La pièce est écrite à partir de la correspondance d'Alexis de Tocqueville, sous la forme d'un dialogue entre Tocqueville et une lectrice-journaliste d'aujourd'hui.

Au début de la pièce, la comédienne lit la correspondance de Tocqueville. Elle incarne alors une banale lectrice, confortablement installée chez elle. Cette lectrice s'approprie certains passages du texte de Tocqueville, se sent touchée au plus profond d'elle-même par leur universalité. En même temps, elle apporte un regard critique et amusé sur les propos tenus par "l'époux Tocqueville" à sa femme.

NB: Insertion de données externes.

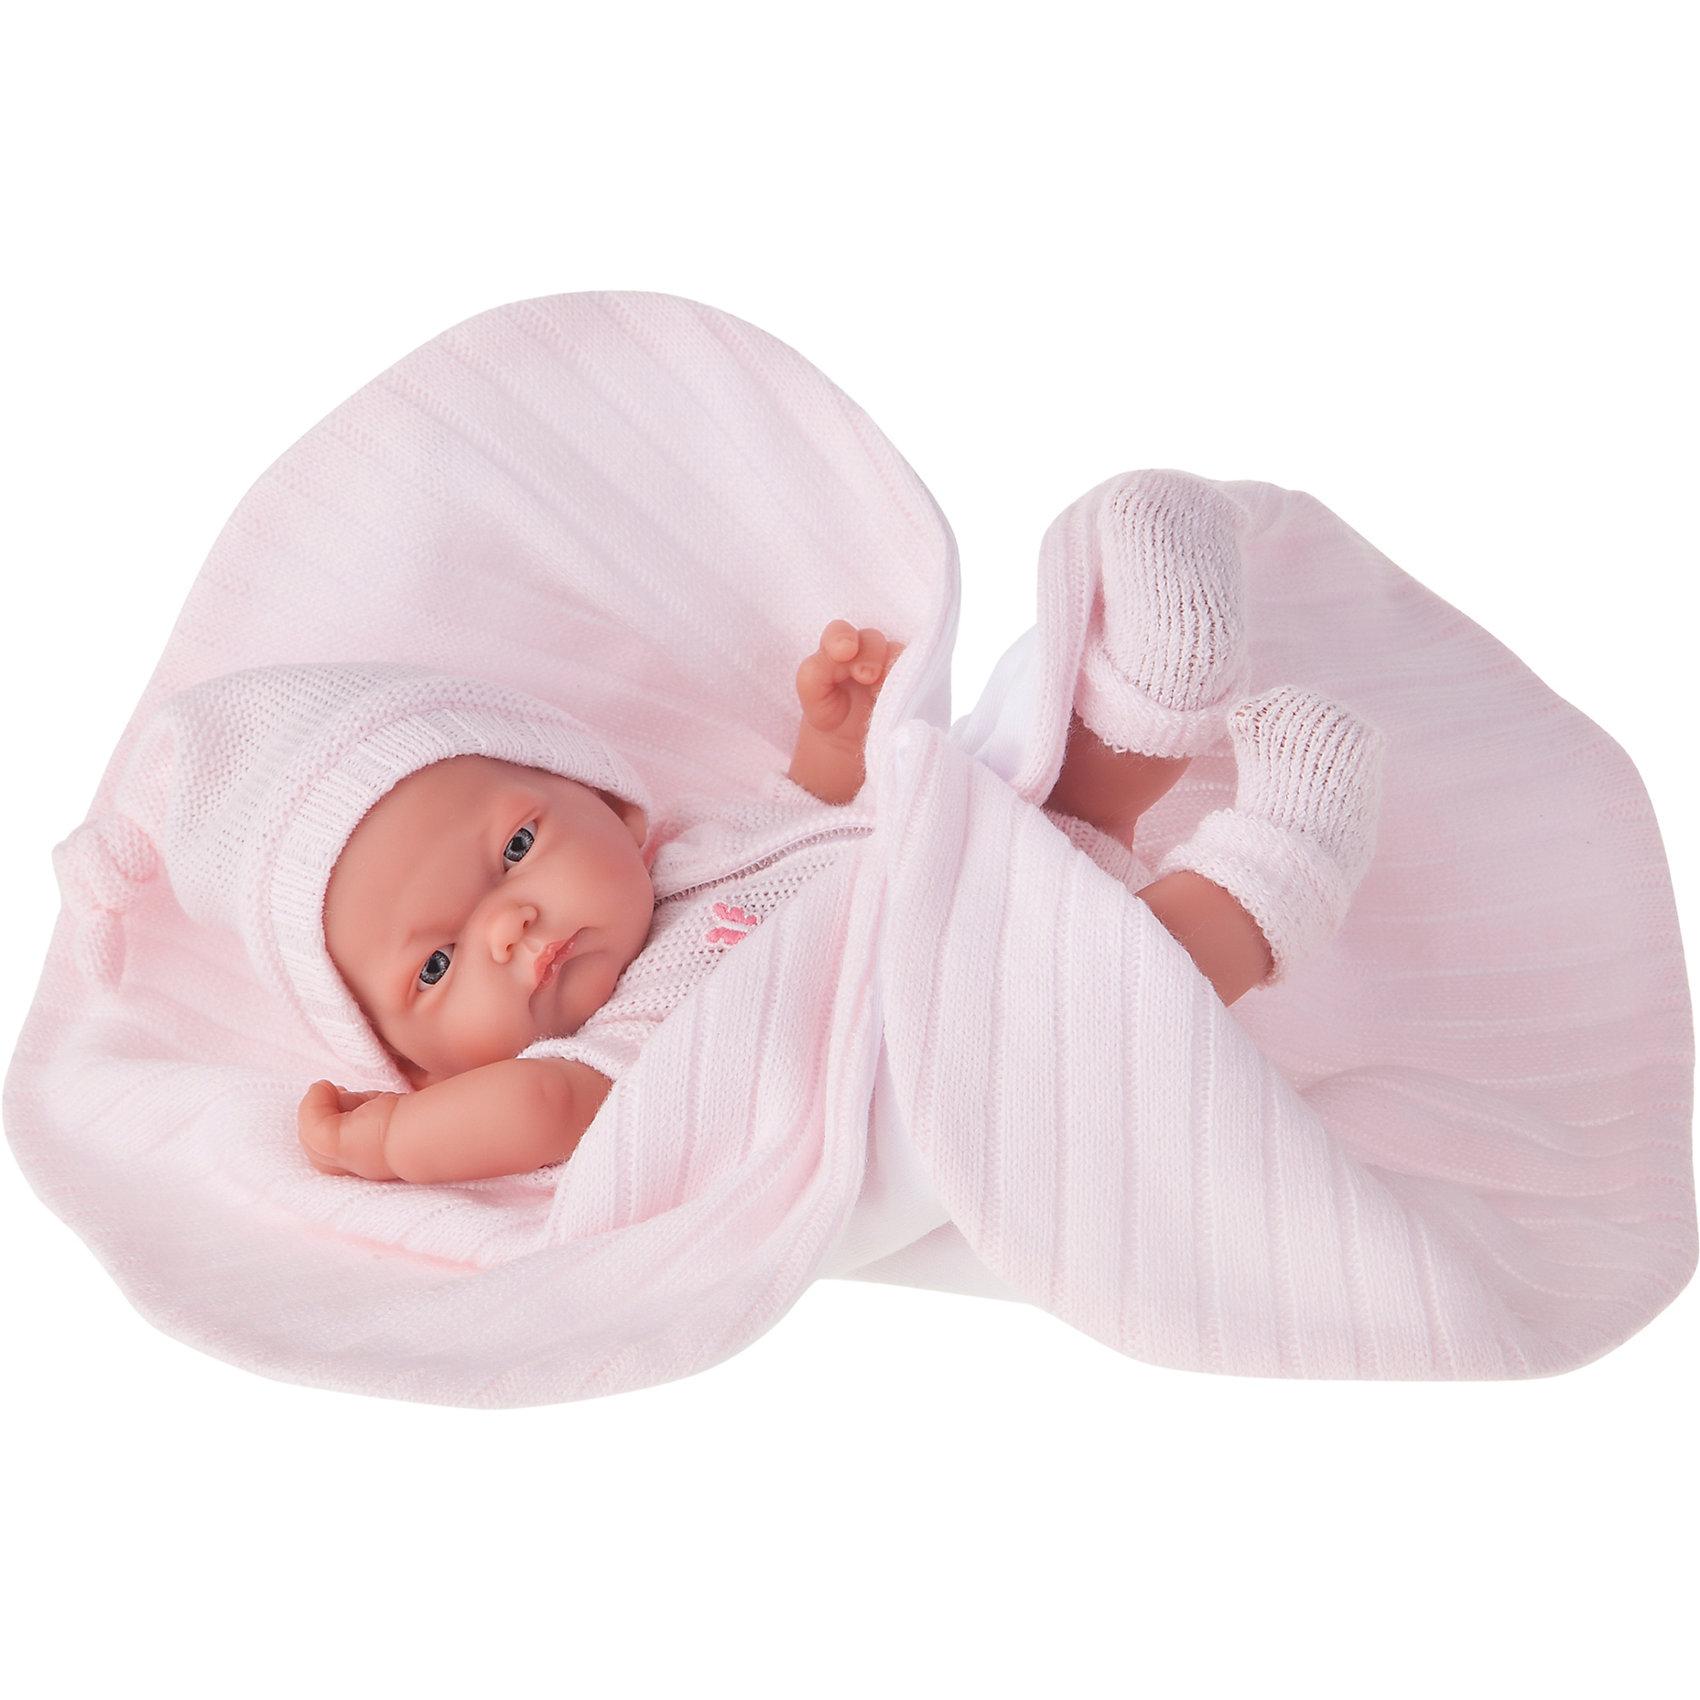 Кукла-младенец Карла в розовом одеяле, 26 см, Munecas Antonio JuanКукла-младенец Карла в розовом одеяле, 26 см, Munecas Antonio Juan (Мунекас Антонио Хуан).<br><br>Характеристики:<br><br>- Комплектация: кукла, одеяло<br>- Материал: винил, текстиль<br>- Высота куклы: 26 см.<br>- Глаза не закрываются<br>- Упаковка: яркая подарочная коробка<br><br>Малышка Карла невероятно похожа на настоящего младенца. Анатомическая точность, с которой выполнена кукла, поражает! Выразительные глазки, маленький носик, нежные щечки, пухлые губки, милые «перевязочки» на ручках и ножках придают кукле реалистичный вид и вызывают только самые положительные и добрые эмоции. Карла одета в розовый вязаный комбинезон на застежке с коротким рукавом. Комбинезон дополнен украшением в форме бабочки. На голове вязаная шапочка, а на ножках носочки нежного розового цвета. Верхняя часть шапочки завязана узлом. Кукла лежит на одеяле. С одной стороны одеяло белое флисовое, а с другой стороны - из трикотажа розового цвета. Кукла изготовлена из высококачественного винила с покрытием софт тач, мягкого и приятного на ощупь. Голова, ручки и ножки подвижны. Кукла соответствует всем нормам и требованиям к качеству детских товаров. Образы малышей Мунекас разработаны известными европейскими дизайнерами. Они натуралистичны, анатомически точны.<br><br>Куклу-младенца Карла в розовом одеяле, 26 см, Munecas Antonio Juan (Мунекас Антонио Хуан) можно купить в нашем интернет-магазине.<br><br>Ширина мм: 35<br>Глубина мм: 20<br>Высота мм: 12<br>Вес г: 670<br>Возраст от месяцев: 36<br>Возраст до месяцев: 2147483647<br>Пол: Женский<br>Возраст: Детский<br>SKU: 5055420
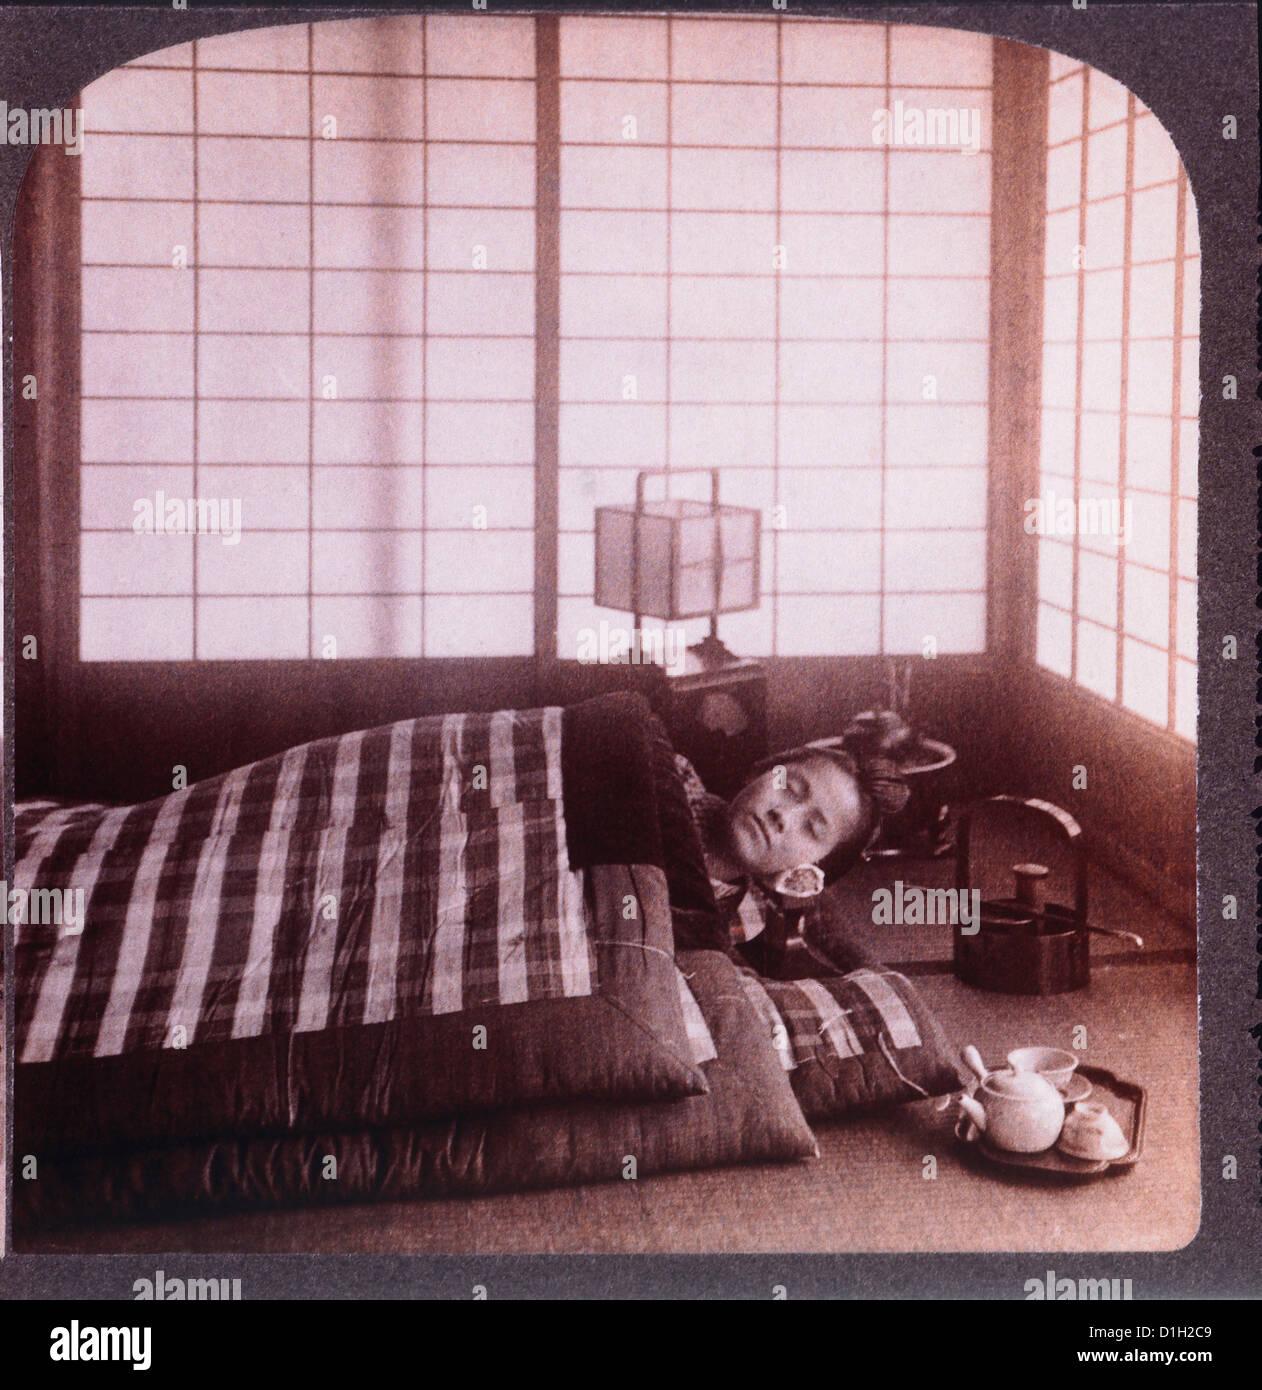 Junge Japanerin schlafen zwischen Futons, Stereo-Fotografie, 1904 Stockfoto

Elle rêve de s'entretenir avec Tocqueville. Grâce à son imagination, elle met en scène une émission télévisée dans laquelle elle va débattre avec lui ; elle sera la journaliste, Tocqueville l'invité. L'émission se déroule dans une ambiance qui n'est pas toujours conviviale, les échanges sont vifs, les arguments aigus voire acérés, traduisant les objectifs, les préoccupations et le caractère de chacun. Une fois l'émission terminée, la journaliste prolonge la discussion pour régler un conflit né au cours de l'émission, mieux connaître l'homme et le taquiner. Leur relation oscille entre admiration, complicité, rivalité, colère et séduction.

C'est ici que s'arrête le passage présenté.